Strategically, the seizure and holding of Arcot achieved its immediate aim of diverting pressure from Trichinopoly and weakening French leverage in the Carnatic; within a few years British influence in the region was consolidated by subsequent campaigns and settlements.

Later historiography places the episode within the wider collapse of Mughal authority and the rise of the East India Company as a corporate power, cautioning that Arcot's "legend" should be read alongside these structural contexts rather than as a tale of generalship alone.

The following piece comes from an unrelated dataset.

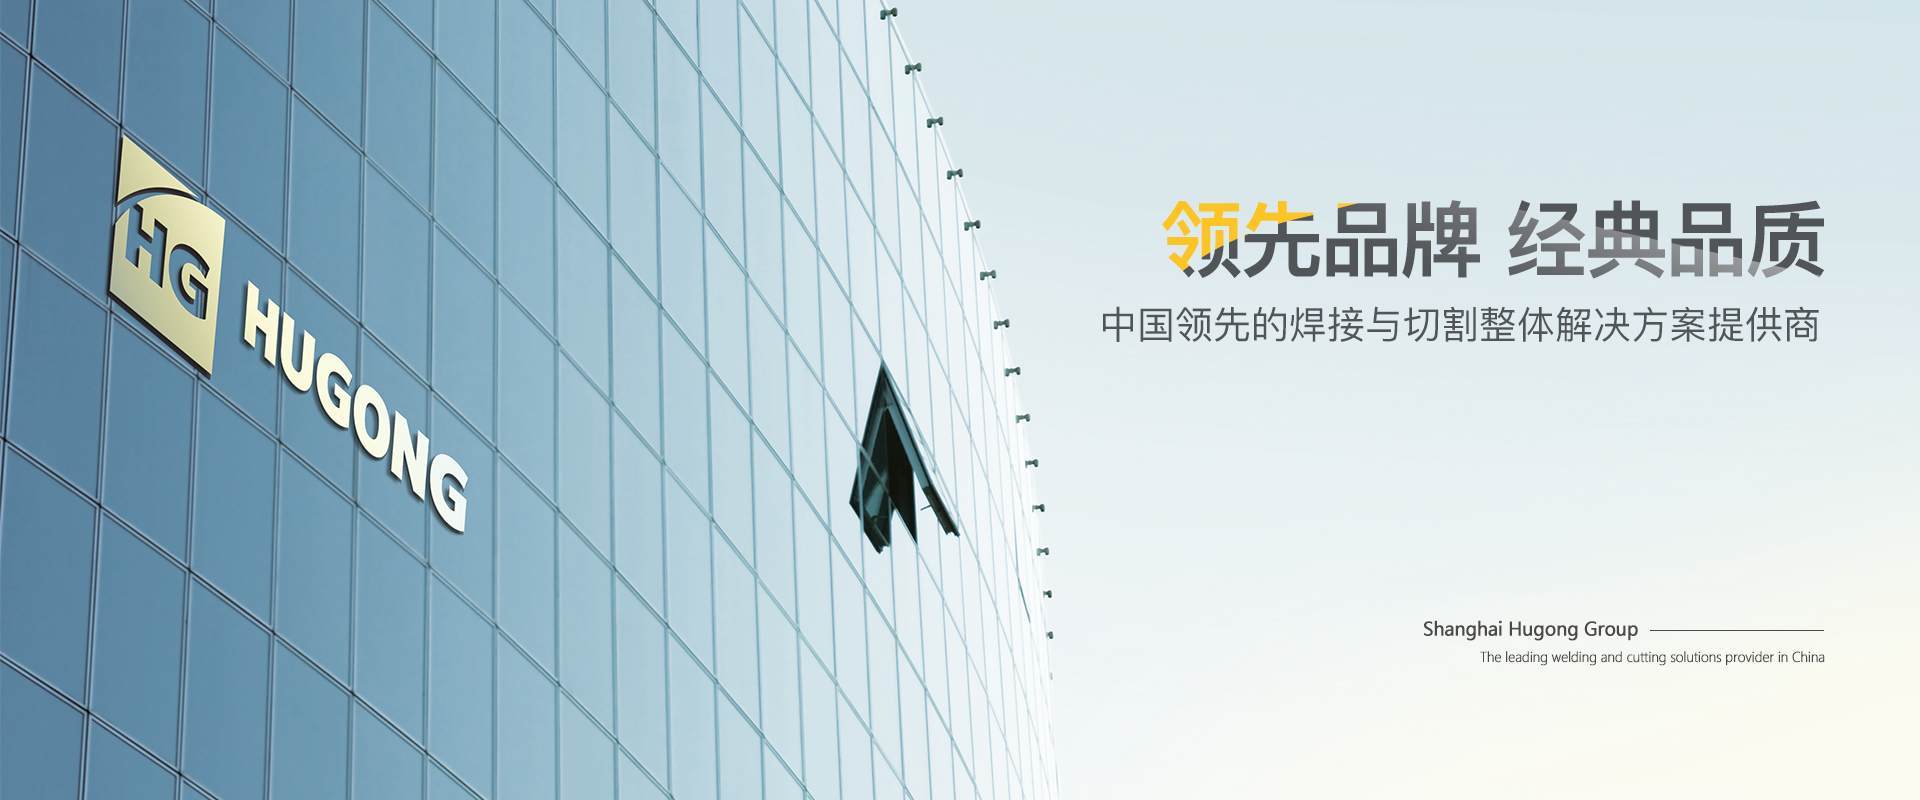 上Ｗ鹆钡锹际滓-中国领先的焊接与切割整体解决计划提供商

Clive's biographer Mark Bence-Jones, while acknowledging the feat, also noted that "it may have been luck, it may have been bungling on the part of the enemy," and that the siege "created the legend of English courage and invincibility which was to carry English arms in India from one success to another". Alongside such observations, modern scholarship emphasises Clive's calculated audacity and political purpose: the dash on Arcot was intended as a diversion to force the lifting of the siege of Trichinopoly by striking at Chanda Sahib's capital and revenue base, and the subsequent defence relied on strict discipline in the town, aggressive night sorties against besieging batteries, and the careful husbanding of a small mixed European–sepoy garrison.

Many in southern India, including some of the attacking soldiers, joined the British company's army. When the British began to seriously recruit and train the men from the armies and provinces they conquered, they ended up with a top-notch army of sepoys mixed with a handful of British Army units assigned to India. France lost her colonial empire ambitions, and the fall in her fortunes in India was made worse by French losses a few years later in the Seven Years' War.